The core of the Lacerta platform is a custom ASIC implemented in the SKY130 process and integrated inside the Caravel user project area. This subsystem realizes the hardware graphics engine that receives interface commands, updates the internal frame data, and generates the video stream presented on the display.

The Lacerta ASIC follows a memory-centric architecture. Configuration data can be loaded from an external host through UART or issued internally by the embedded Caravel RISC-V processor. These commands are routed through the Wishbone interconnect to the rendering logic, which updates the frame contents stored in memory. The VGA controller then reads that memory and continuously converts it into the output video signal.

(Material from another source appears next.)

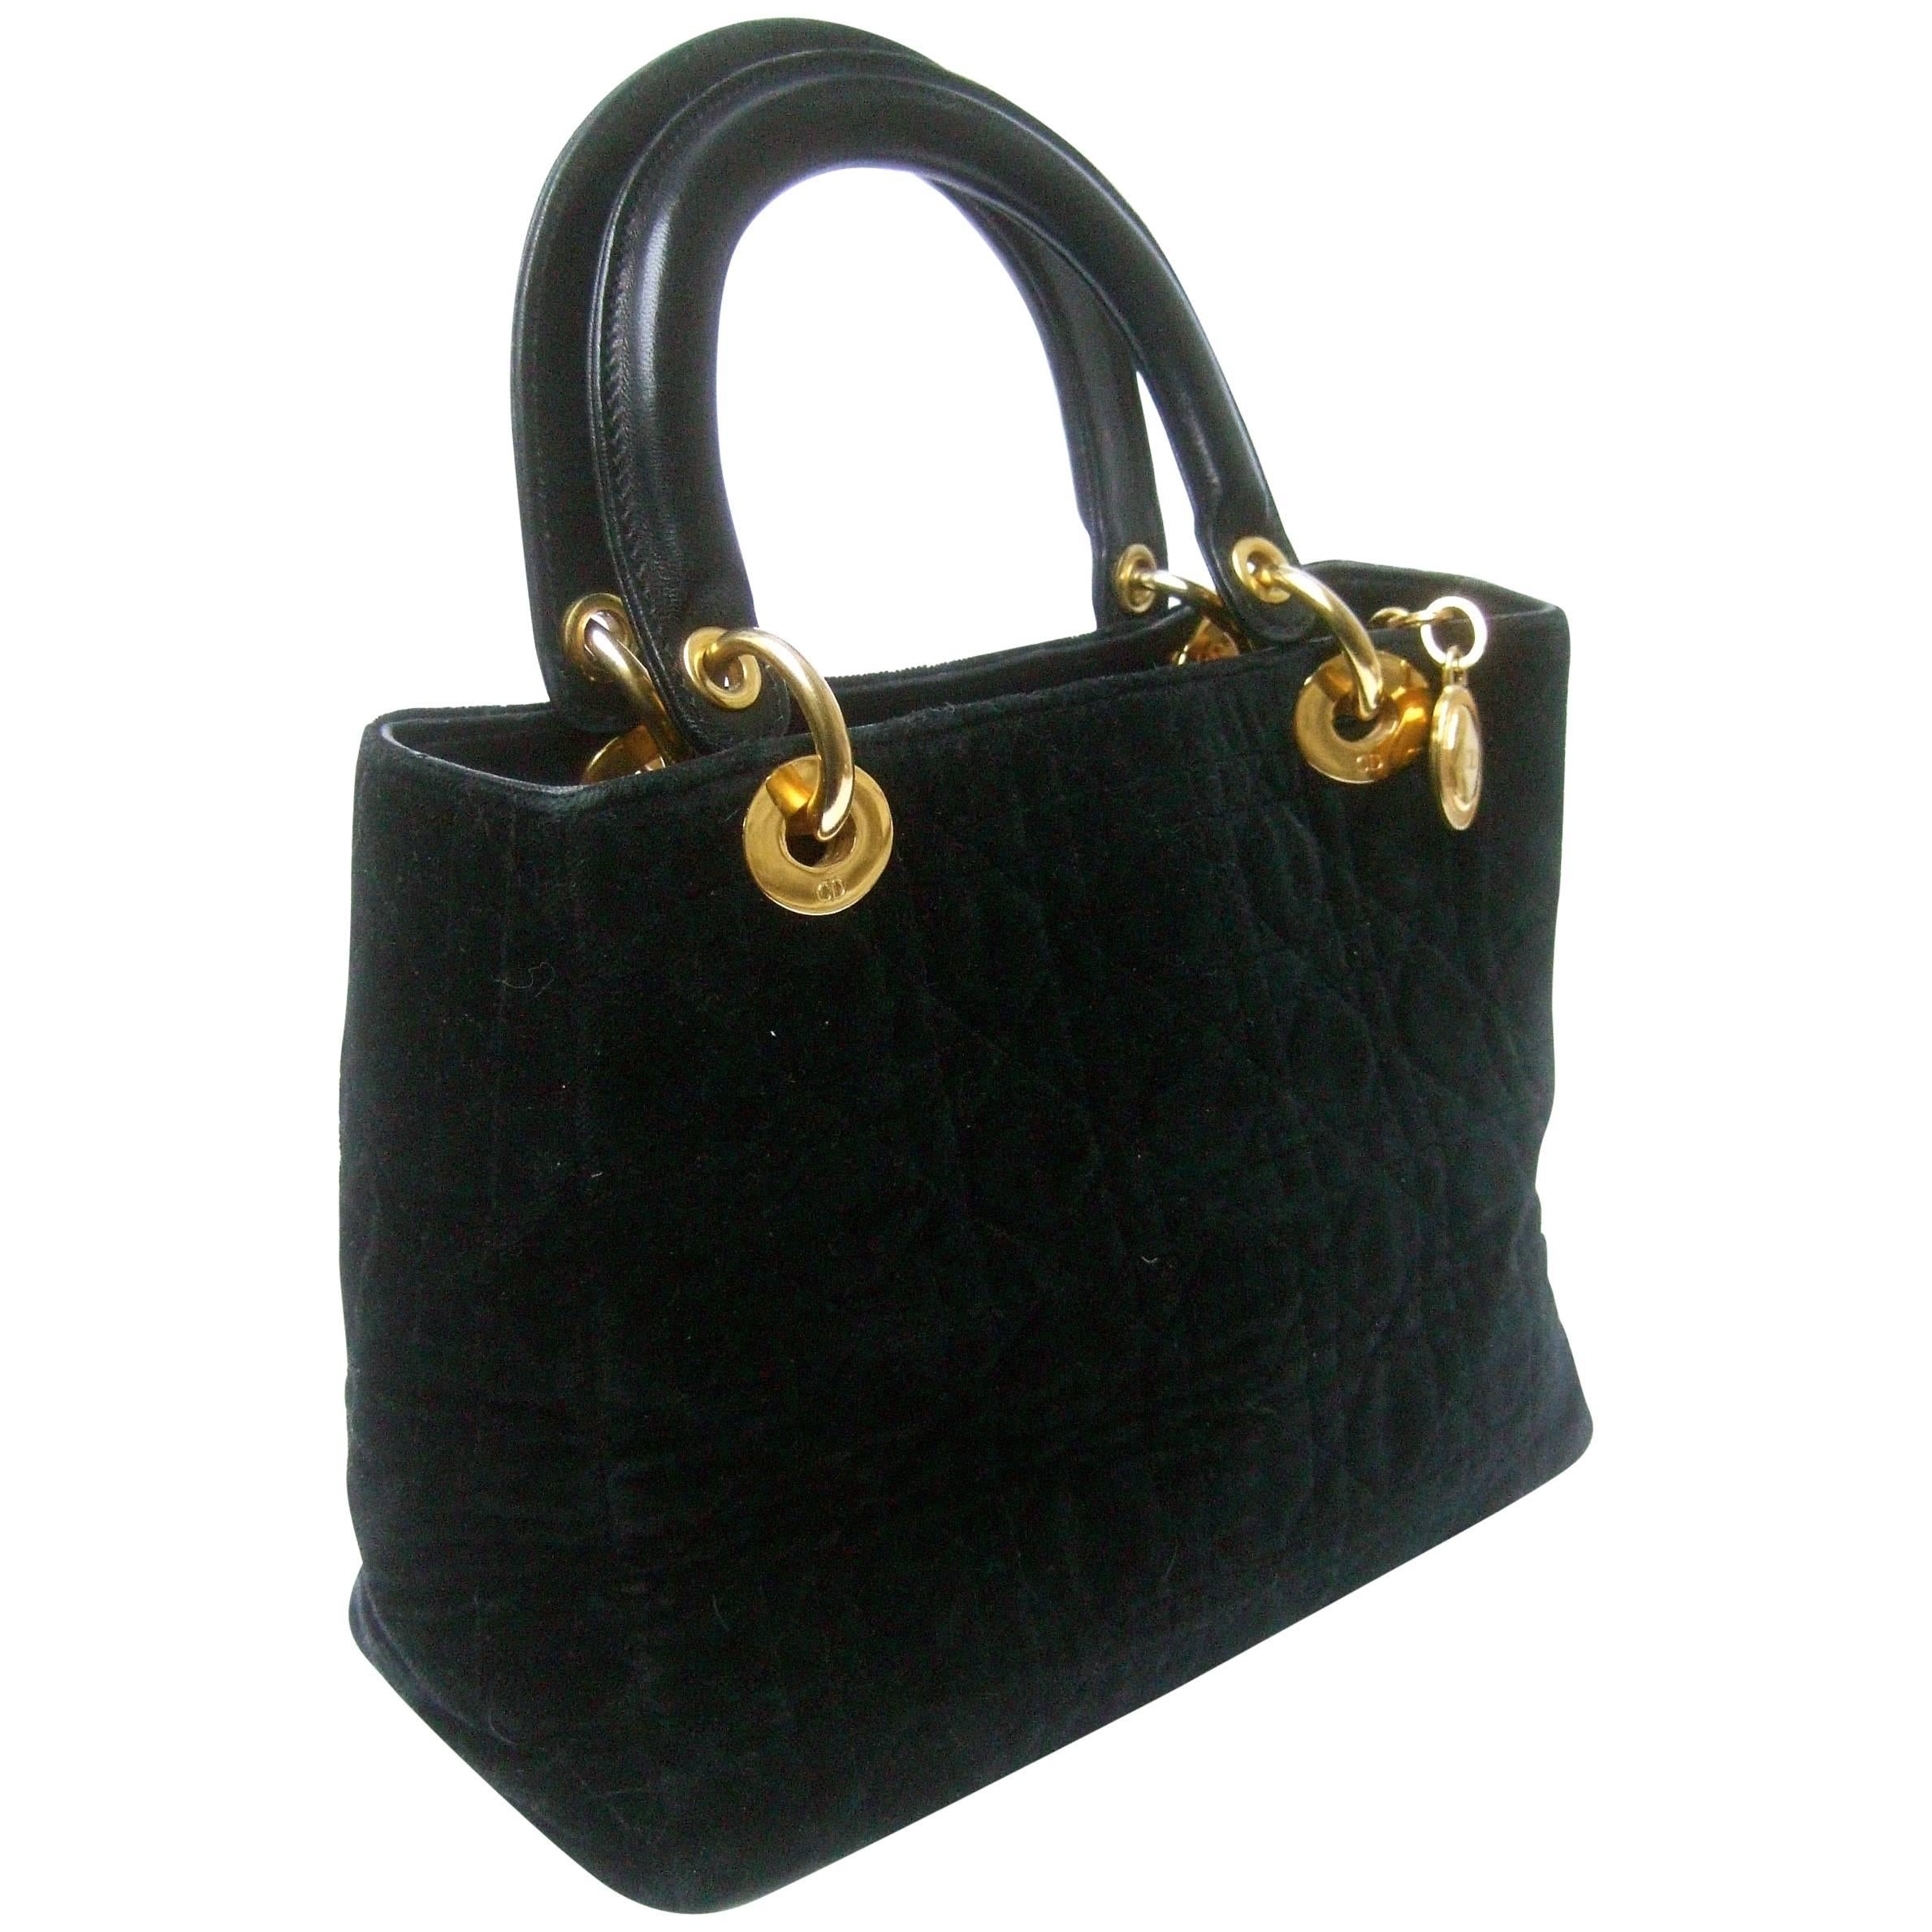 2dd1e186293 Christian Dior Lady Dior Mini Black Nylon Bag With Gold Tone Hardware at  1stdibs

The ASIC includes the following main modules:

UART configuration interface
Embedded Caravel RISC-V control processor
Wishbone master and slave interfaces
Command arbiter and decoder
Display generation and mask-generation logic
Memory subsystem and main frame memory
VGA controller

Figure 5. Block diagram of the Lacerta ASIC inside the Caravel environment. The figure shows how a host computer or the embedded Caravel RISC-V processor sends commands through UART and Wishbone interfaces to the command arbiter, rendering logic, and memory subsystem; the updated frame data is then read by the VGA controller to drive the screen.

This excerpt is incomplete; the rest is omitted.